*** DATA SECTION
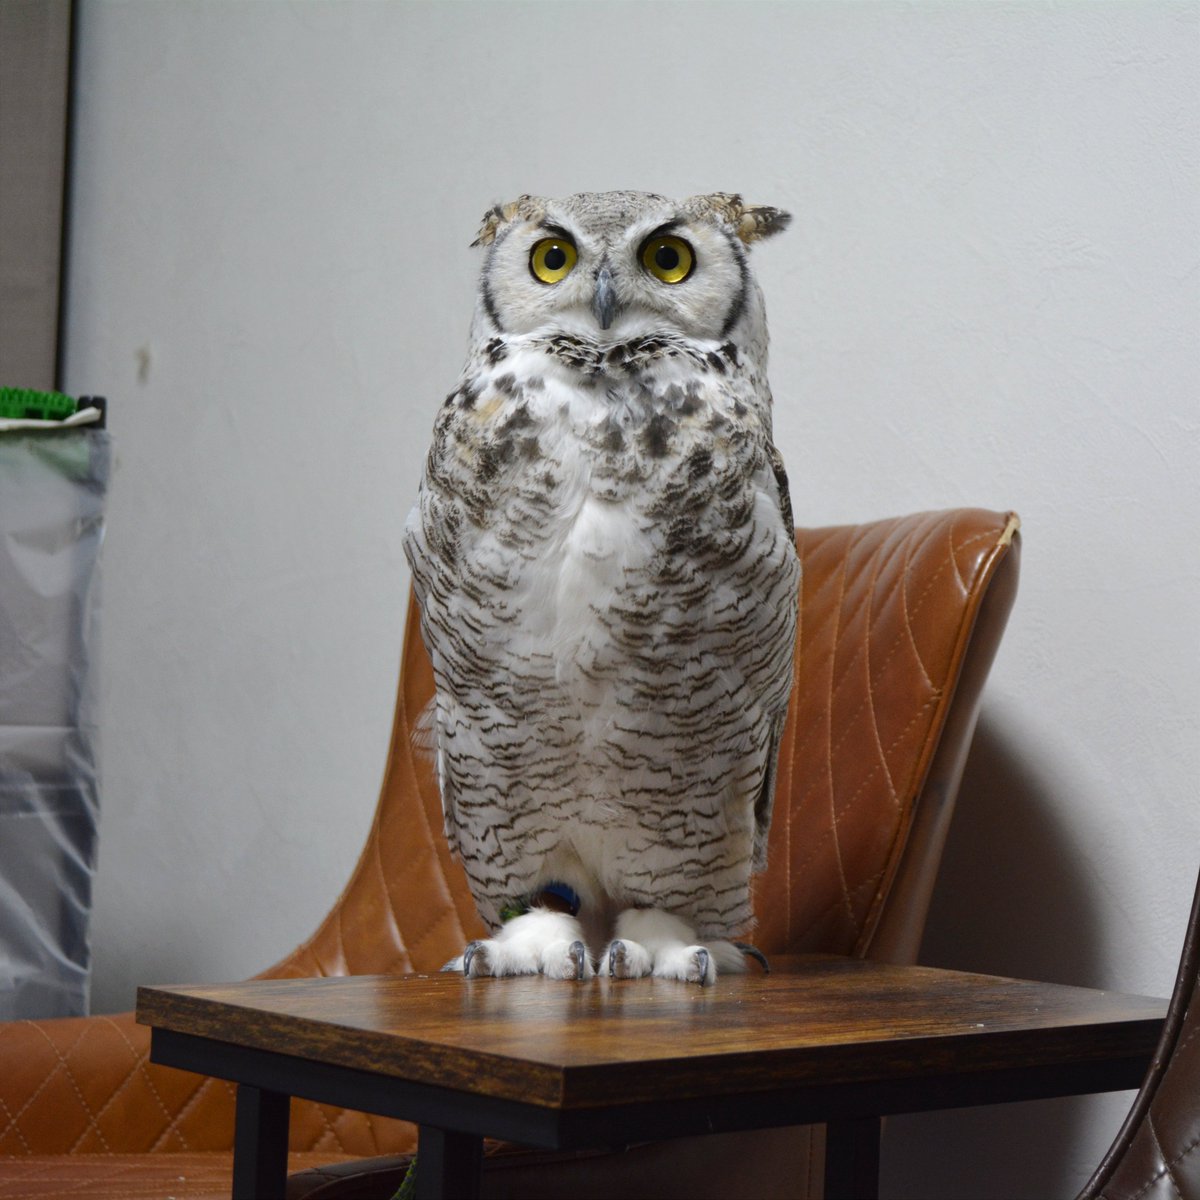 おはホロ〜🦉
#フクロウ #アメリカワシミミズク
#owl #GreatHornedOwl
******
*** DATA SECTION
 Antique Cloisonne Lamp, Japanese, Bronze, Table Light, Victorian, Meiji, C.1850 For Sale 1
******
*** DATA SECTION
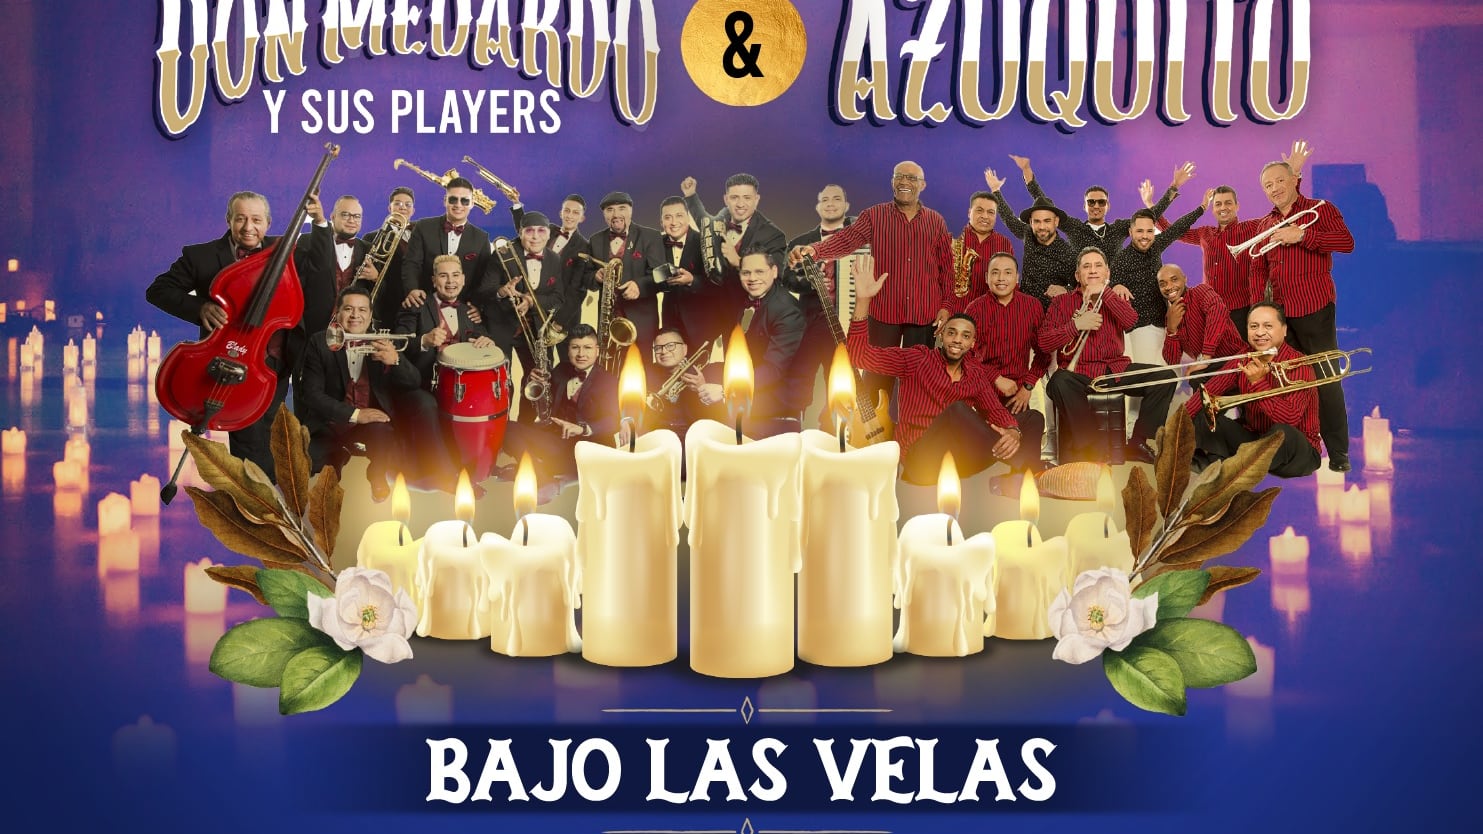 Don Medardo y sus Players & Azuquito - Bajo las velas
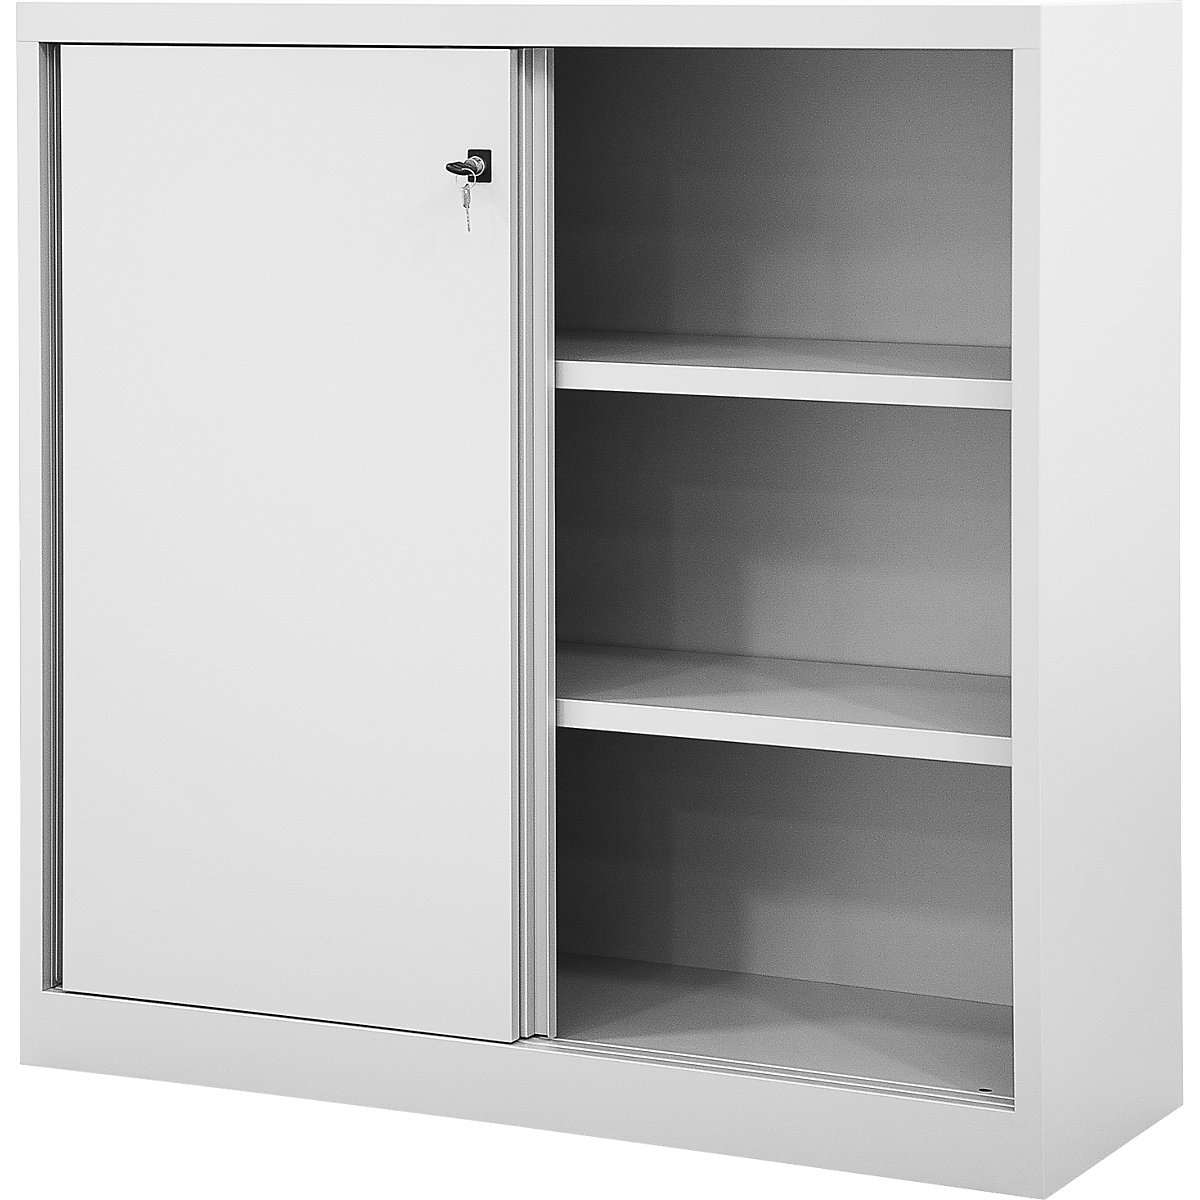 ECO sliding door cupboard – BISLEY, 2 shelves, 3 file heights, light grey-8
******
### [WHAT TO PRODUCE]
Copy out the listing above from the line containing "Don Medardo y" to the line containing "ECO sliding door", both included, exactly as written and minus the images.

### [EXERCISE RESULT]
 Don Medardo y sus Players & Azuquito - Bajo las velas
 ECO sliding door cupboard – BISLEY, 2 shelves, 3 file heights, light grey-8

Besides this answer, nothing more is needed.